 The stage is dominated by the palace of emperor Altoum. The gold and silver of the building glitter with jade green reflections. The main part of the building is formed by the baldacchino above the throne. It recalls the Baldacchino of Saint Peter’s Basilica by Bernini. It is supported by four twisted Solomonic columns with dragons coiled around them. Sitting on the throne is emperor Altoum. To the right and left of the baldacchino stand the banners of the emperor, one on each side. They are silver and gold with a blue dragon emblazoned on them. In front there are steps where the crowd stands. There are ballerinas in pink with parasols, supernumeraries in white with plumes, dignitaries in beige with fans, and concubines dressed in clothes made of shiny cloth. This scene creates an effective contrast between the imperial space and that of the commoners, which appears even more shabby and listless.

--

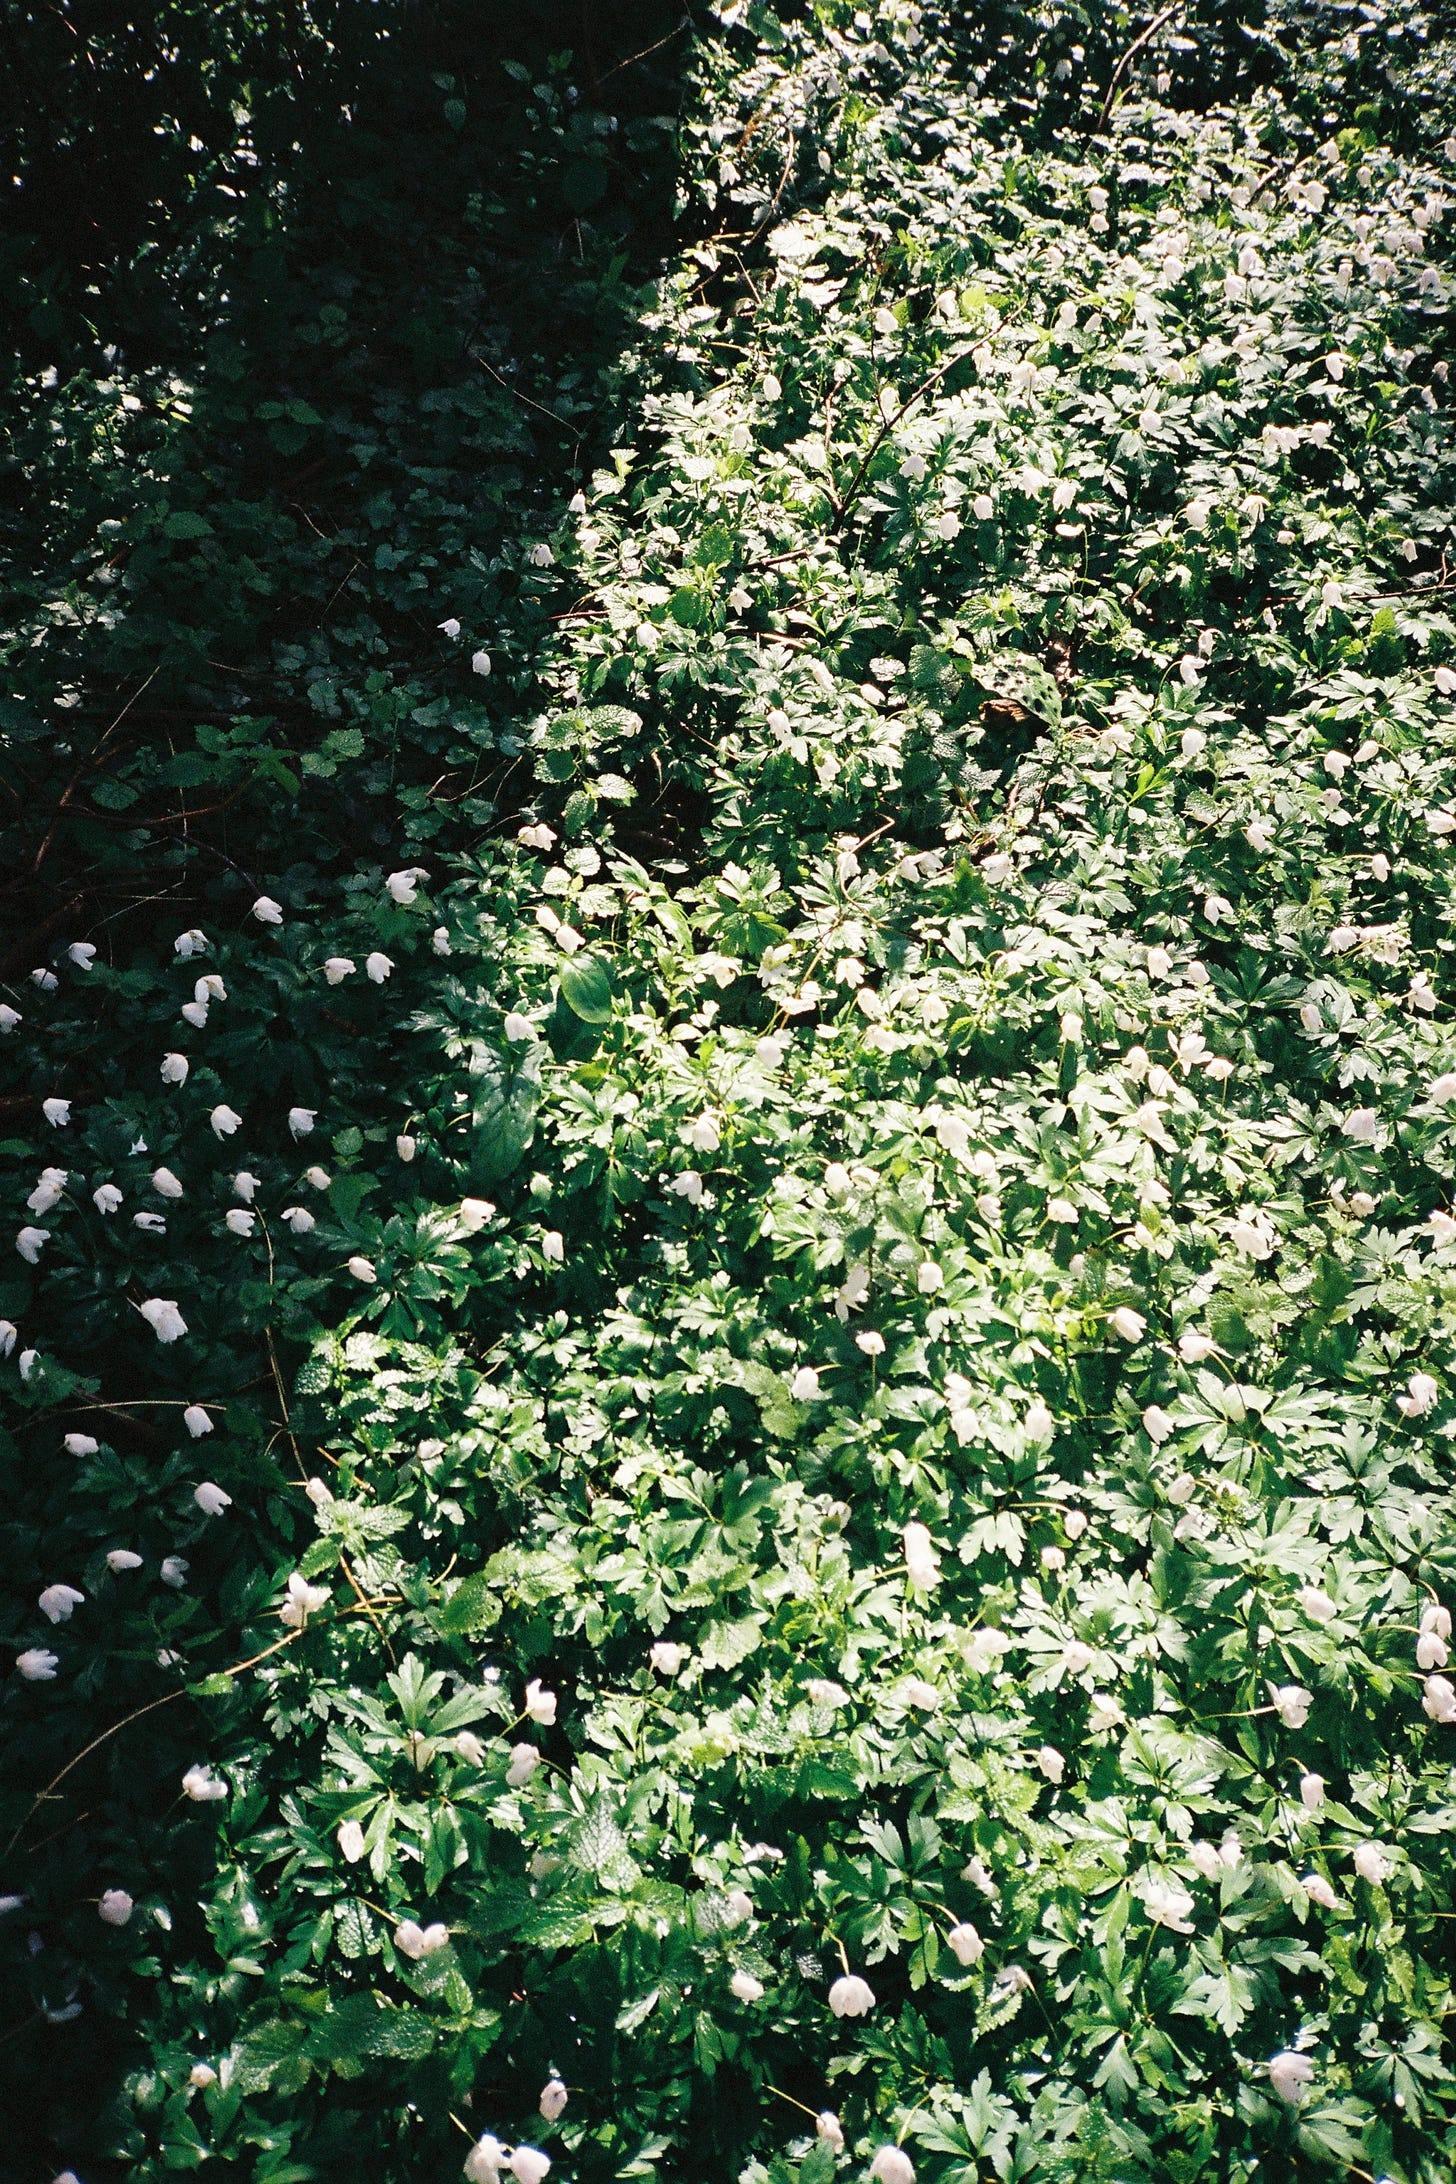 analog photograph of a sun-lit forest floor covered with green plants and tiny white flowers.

--

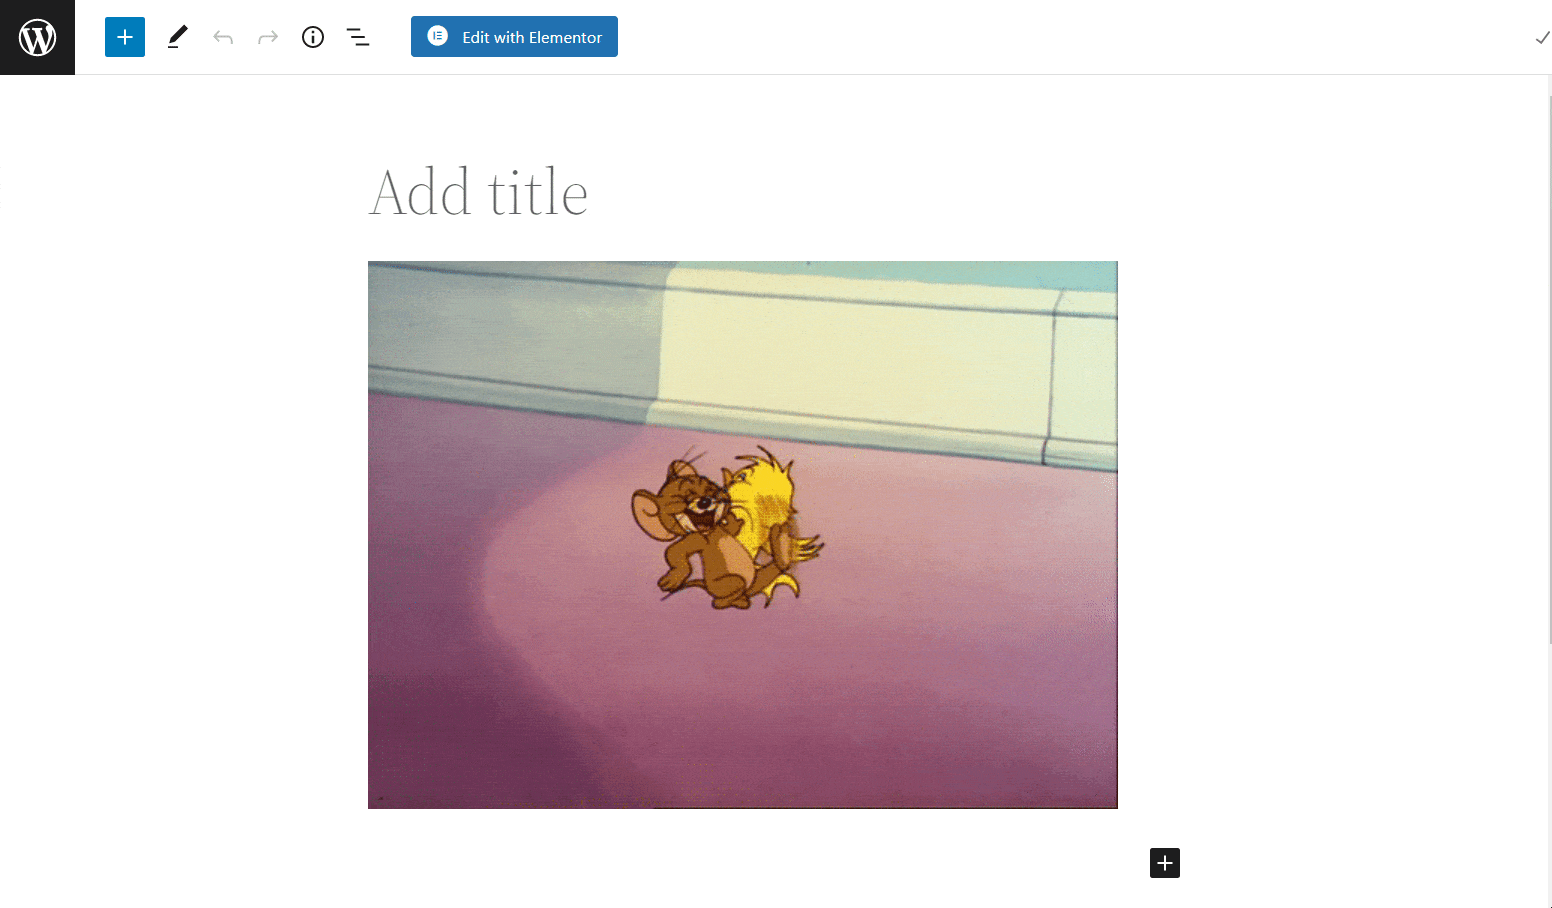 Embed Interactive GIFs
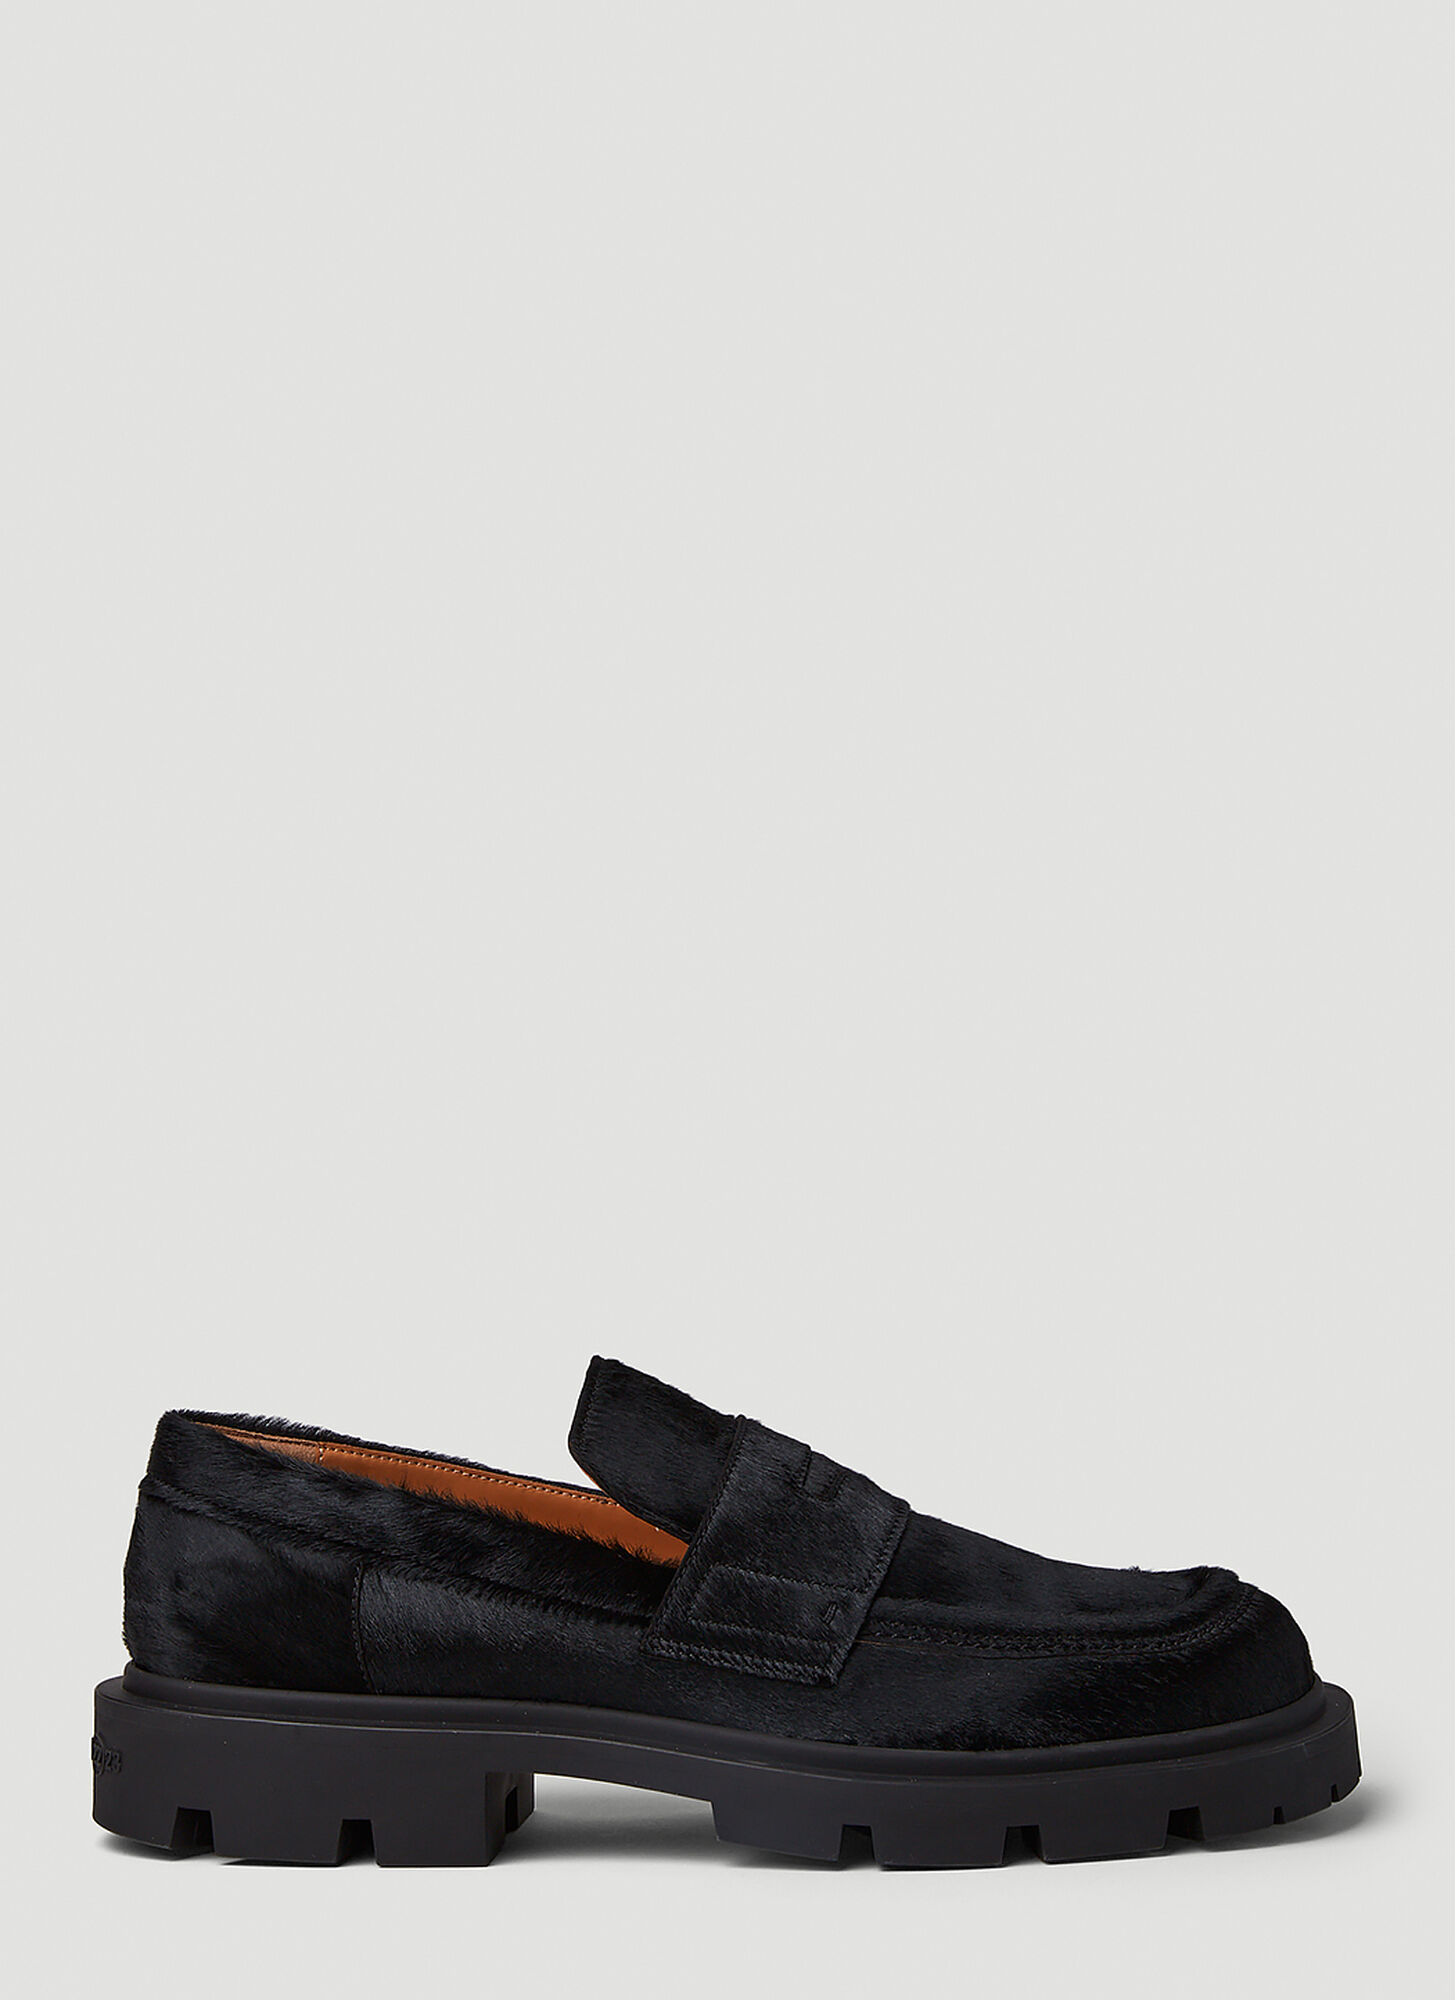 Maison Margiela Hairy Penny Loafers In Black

> Activity
When you reach the line with "Embed Interactive GIFs" in the records above, begin repeating the lines exactly, and stop after the line with "Maison Margiela Hairy Penny Loafers In Black". Skip all pictures.

> Task response
 Embed Interactive GIFs
 Maison Margiela Hairy Penny Loafers In Black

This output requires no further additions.